I’m a pakeha male. I have a string of degrees, although most of my academic knowledge isn’t relevant to my ability to deal with disputes and personal grievances as an employment advocate. But I also have more than 40 years experience as a research scientist, teacher, senior public servant, counsellor, facilitator, consultant, mediator, and advocate. Most of that is very relevant.

I don’t have legal qualifications, but I do have an excellent working knowledge of Employment and Human Rights law.

I came to general employment advocacy work through an interest in bullying and harassment in workplaces. I negotiate and mediate well, and I listen and understand the feelings of the people involved very well. These skills give me a real edge in helping my clients negotiate satisfactory outcomes.

I can bite kneecaps if the situation calls for it, but I would much rather negotiate than fight. Litigation is always expensive, and the outcome can never be absolutely certain. It is almost always better to talk our way to a settlement based on the strength of the case and relative risks, the amounts likely to be awarded, and the “intangibles”.

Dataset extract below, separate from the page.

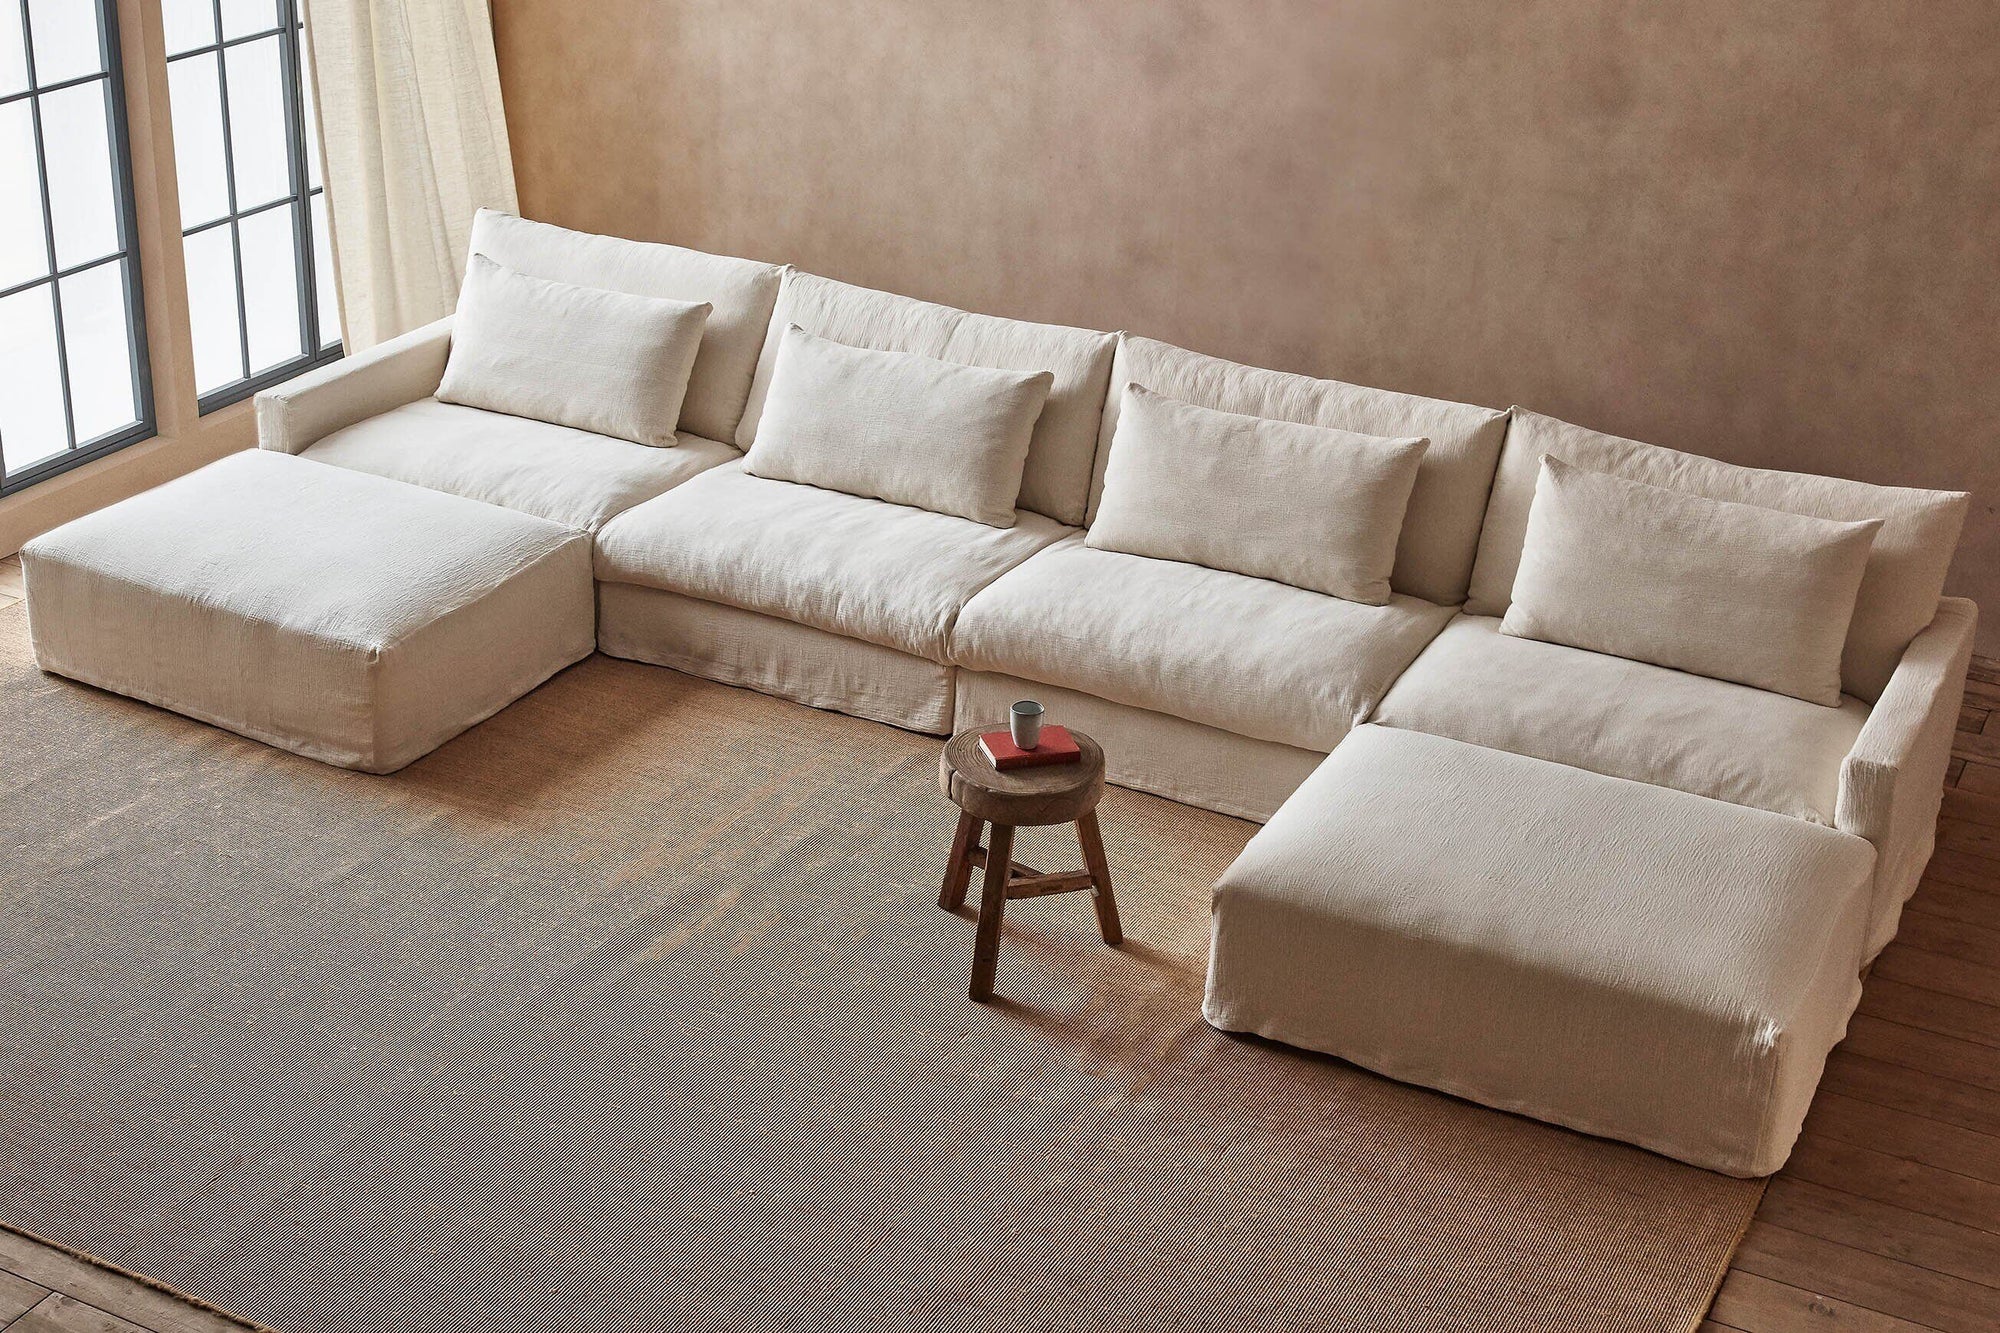 Devyn U-Shape Sectional Sofa in Corn Silk, a light beige Washed Cotton Linen

“a real edge in helping my clients negotiate”

Often an “intangible” is best dealt with by talking through the possibilities, risks, and costs with the client. I have had clients who really wanted to punish the people who had treated them badly, and for some of them it was worth running some risk and escalating costs by going all the way to a hearing. For others in the same position, talking through their feelings with me has enabled them to drop their need to be “right” and to accept an offered settlement.

Sometimes, an “intangible” will involve a client who has been traumatised to the point where a long legal process is not a realistic option. In these cases, an important part of my job is to support them to get a small settlement quickly so that they can finish the matter and walk away with their self respect intact.

My thirty five years as a counsellor and my work in family violence has provided skills that make me much better than most lawyers in dealing with “intangibles”.